We will drop number of critics for review as it seems to have the least correlation.

In [None]:
# create a Python list of feature names
feature_cols_2 = ['movie_facebook_likes', 'imdb_score','num_user_for_reviews']

# use the list to select a subset of the original DataFrame
X_2 = df_movies[feature_cols_2]

from sklearn.model_selection import train_test_split
X_train_2, X_test_2, y_train_2, y_test_2 = train_test_split(X_2, y, random_state=0)

from sklearn.linear_model import LinearRegression

# instantiate
linreg_2 = LinearRegression()

# fit the model to the training data (learn the coefficients)
linreg_2.fit(X_train_2, y_train_2)

print(linreg_2.intercept_)
print(linreg_2.coef_)
list(zip(feature_cols_2, linreg_2.coef_))

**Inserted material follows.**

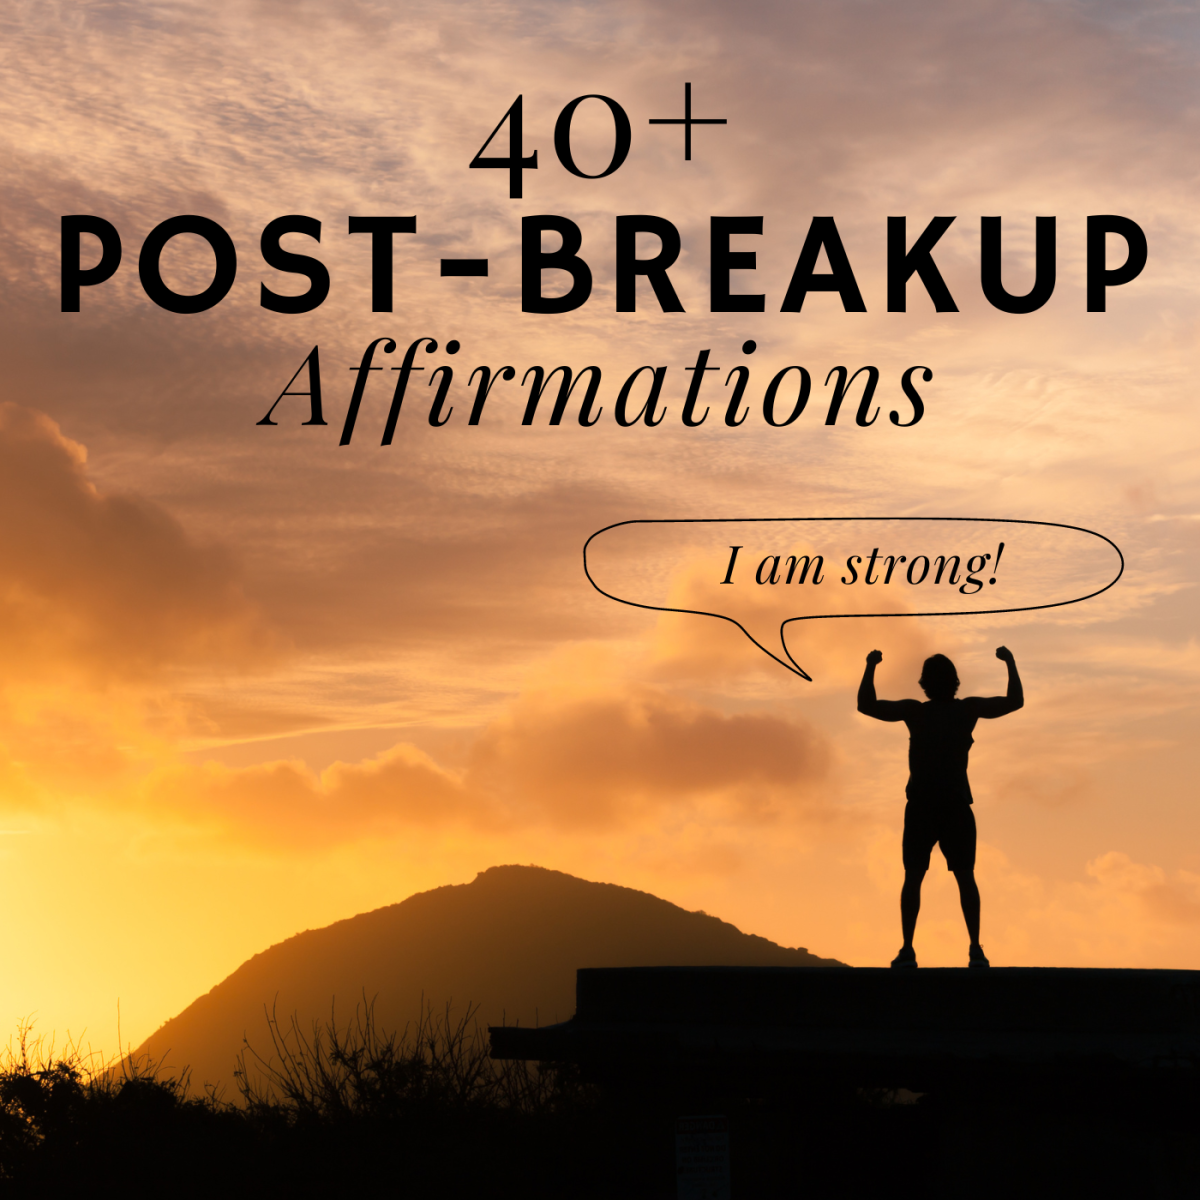 40+ positive breakup affirmations to help you heal

from sklearn import metrics

# make predictions on the testing set
y_pred_2 = linreg_2.predict(X_test_2)
mse = mean_squared_error(y_test_2, y_pred_2)
# The coefficients
print('Coefficients: \n', linreg_2.coef_)
# The mean squared error
print('Mean squared error: %.2f'
      % mse)
print('Root mean squared error: %.2f'
      % np.math.sqrt(mse))
# The coefficient of determination: 1 is perfect prediction
print('Coefficient of determination: %.2f'
      % r2_score(y_test_2, y_pred_2))

This is not a good result, we want something not very far from 0, it even went up a slight bit. Let's drop even more columns, this time we'll remove number of user reviews and look again.

In [None]:
# create a Python list of feature names
feature_cols_3 = ['movie_facebook_likes', 'imdb_score',]

# use the list to select a subset of the original DataFrame
X_3 = df_movies[feature_cols_3]

from sklearn.model_selection import train_test_split
X_train_3, X_test_3, y_train_3, y_test_3 = train_test_split(X_3, y, random_state=0)

from sklearn.linear_model import LinearRegression

# instantiate
linreg_3 = LinearRegression()

# fit the model to the training data (learn the coefficients)
linreg_3.fit(X_train_3, y_train_3)

print(linreg_3.intercept_)
print(linreg_3.coef_)
list(zip(feature_cols_3, linreg_3.coef_))

from sklearn import metrics

# make predictions on the testing set
y_pred_3 = linreg_3.predict(X_test_3)
mse = mean_squared_error(y_test_3, y_pred_3)
# The coefficients
print('Coefficients: \n', linreg_3.coef_)
# The mean squared error
print('Mean squared error: %.2f'
      % mse)
print('Root mean squared error: %.2f'
      % np.math.sqrt(mse))
# The coefficient of determination: 1 is perfect prediction
print('Coefficient of determination: %.2f'
      % r2_score(y_test_3, y_pred_3))

It seems dropping columns is not the answer, our first prediction is still the best, but it's definitely a large margin of error.
It would seem that the correlation is weak at best, and removing columns is not a solution to the problem. Popularity on IMDB and facebook seems like
a weak indicator for how well a movie will do financially.